Microbiome Science - Introduction

Human survival depends on the trillions of microbes that that inhabit our bodies. In a healthy person, those bacteria, fungi and viruses - the human microbiota - are well balanced. But shifts in the makeup and function of those populations can lead to diseases.

New approaches in metagenomics - which examines the genomic makeup of an entire organism, including its microbial communities - are now making such research possible.

Despite their critical role in human health, the vast microbial populations within humans are largely unexplored. IGS scientists are important players in an international effort - the Human Microbiome Project - to fill that knowledge gap.

We are not alone!
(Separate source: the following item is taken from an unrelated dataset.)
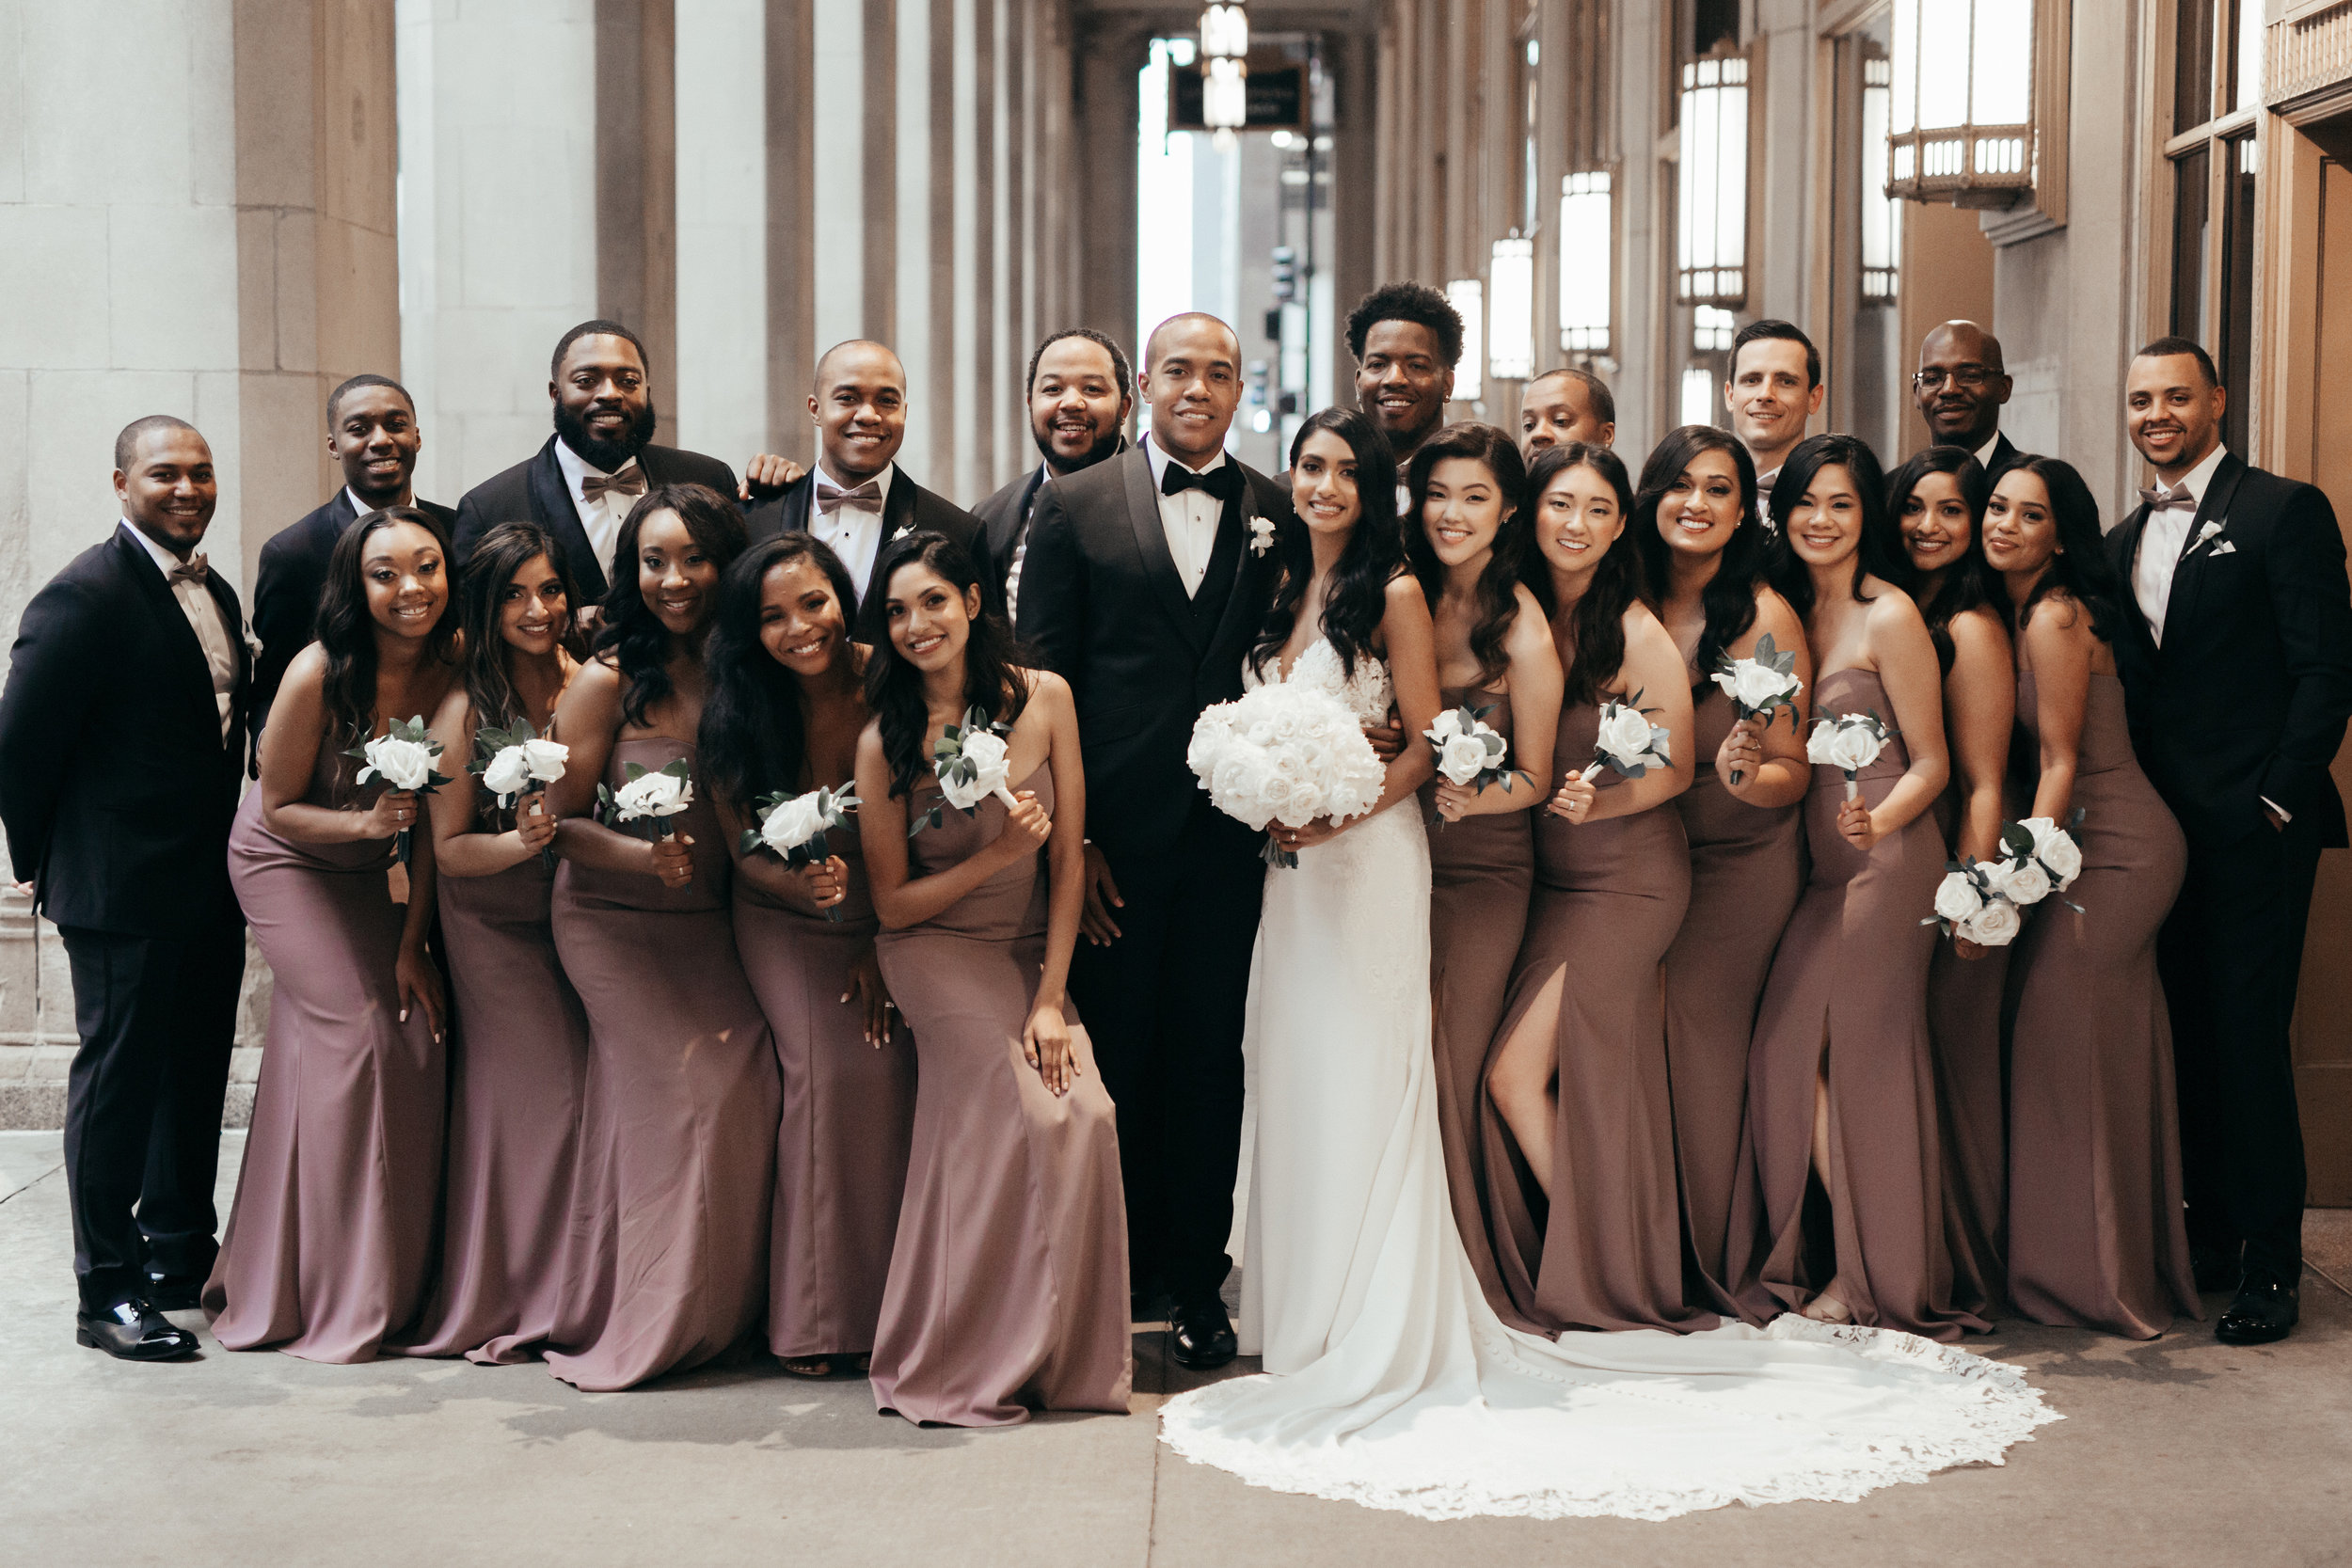 Mindy&Jared-wedding-by-LadiesAndGentlemen-by-Matija-Vuri-4252.jpg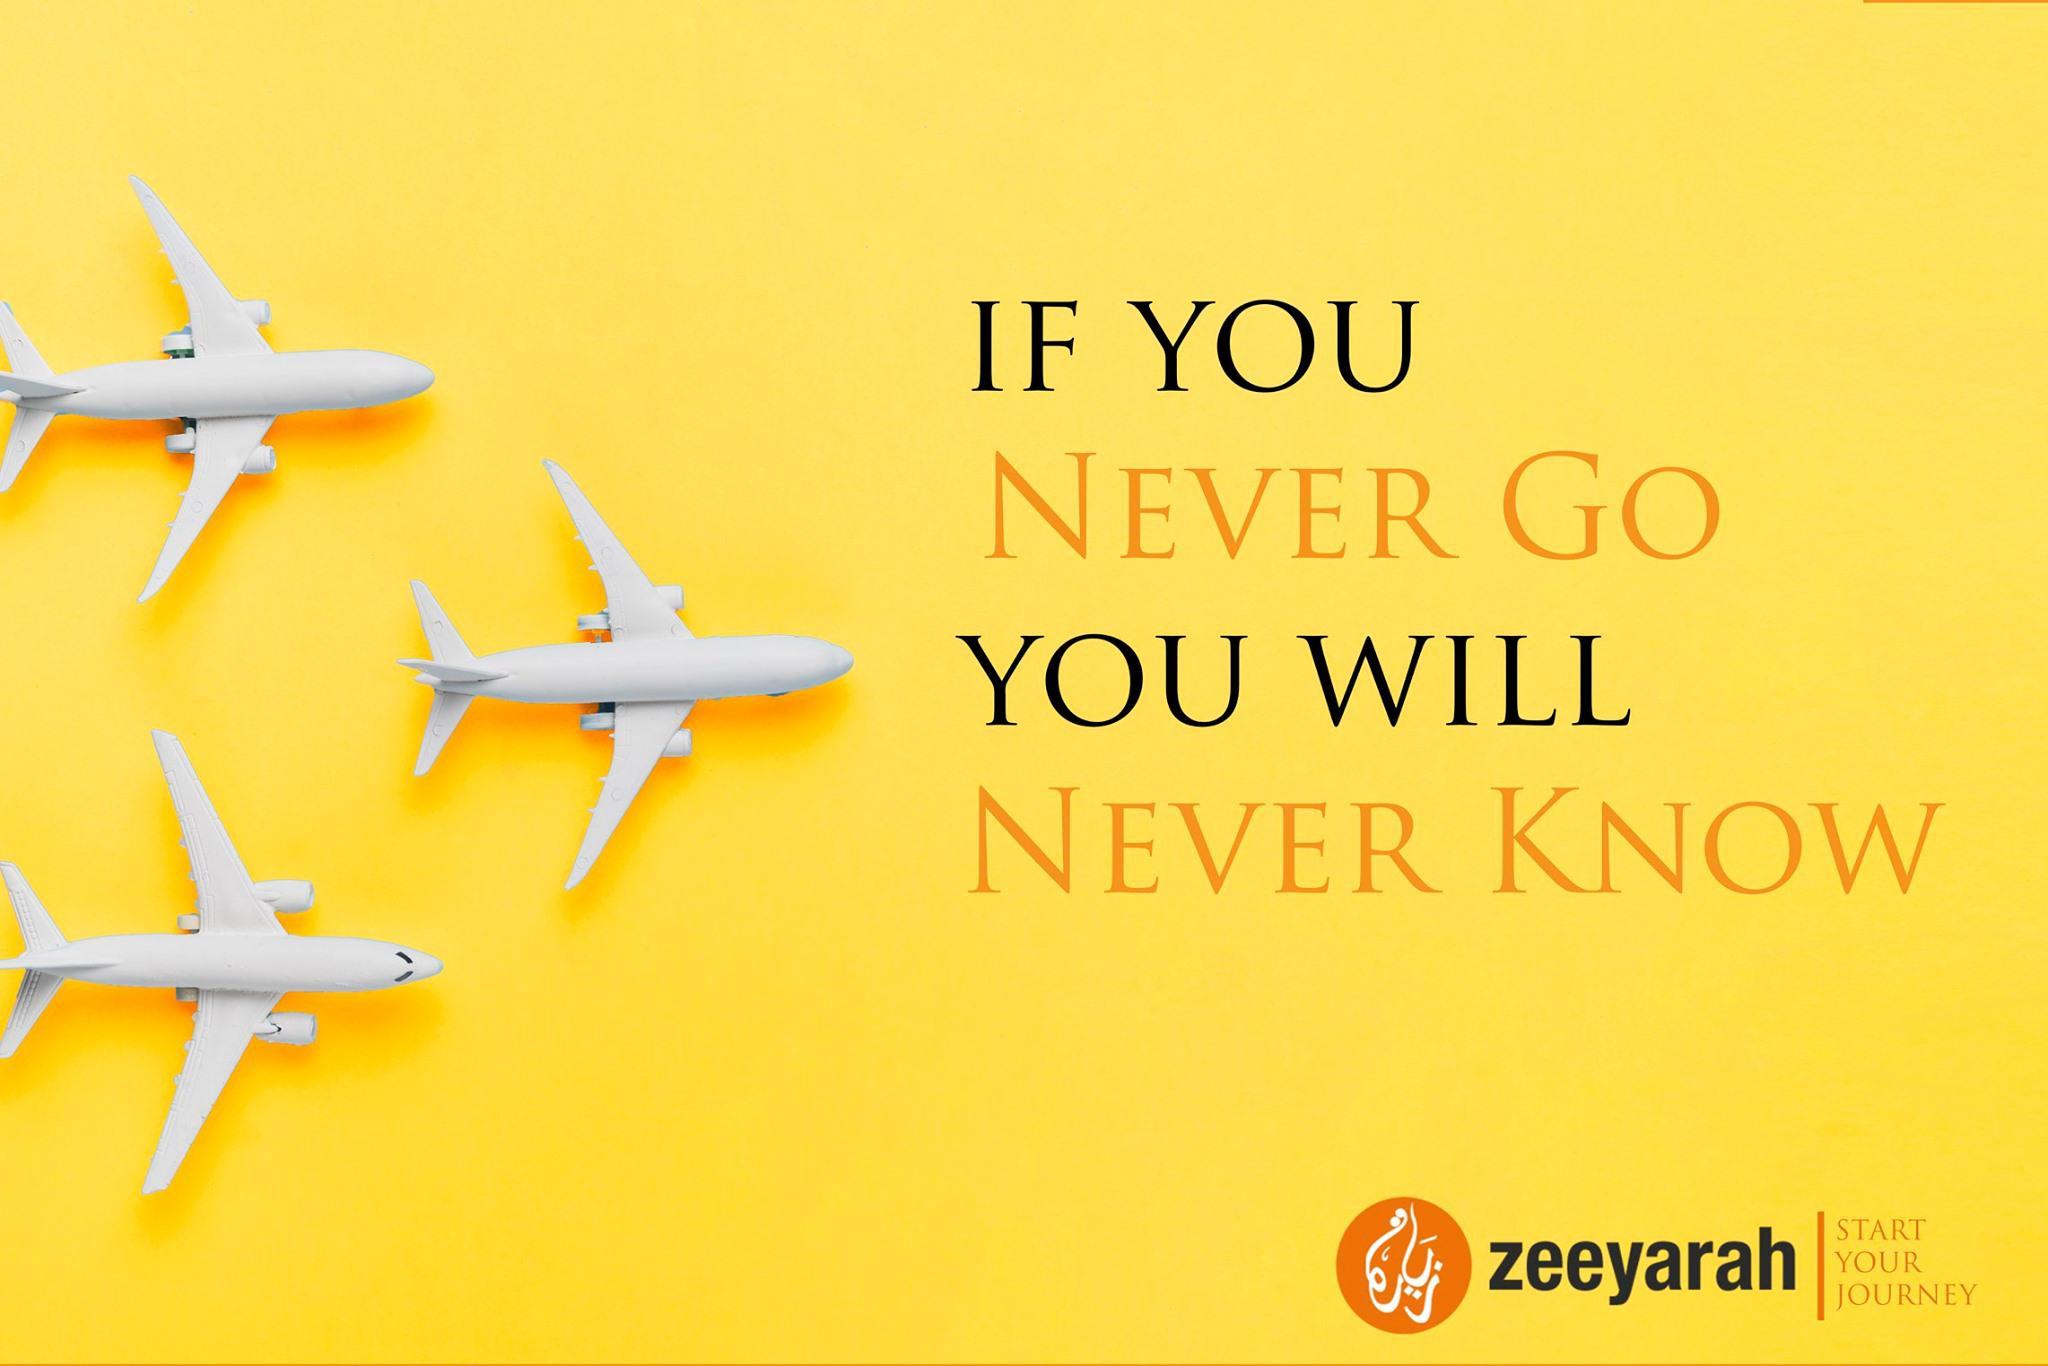 Zeeyarah

Trillions of microbes (collectively known as the human microbiota) reside on and in the human body. Our bodies contain 10 times more microbial cells than human cells; the adult human colon alone contains up to 100 trillion bacteria.

Deepening the understanding of those microbial communities in places like the human gut will help scientists nail down their exact roles in health and disease. Such microbes encode metabolic pathways that are not present in human genomes, but that are essential for our survival.

Shifts in the makeup and function of these microbial populations can be associated with a number of acute and chronic diseases. These include inflammatory bowel disease, obesity, cardiovascular disease, eczema and other skin diseases, vaginal conditions and even certain types of cancer.

Jacques Ravel on Vaginal Microbiome

Most of these microbes are not the types that cause illness or infections. Rather, our bodies have evolved to work in concert with these organisms to help us digest many of the foods that we eat, break down toxic compounds we ingest on a daily basis and play an important role in keeping pathogenic organisms in check.

As IGS and other scientists reconsider a number of familiar diseases in the context of microbial ecology, exciting prospects emerge for designing, implementing, and monitoring strategies for intentionally manipulating the human microbiota to optimize our health.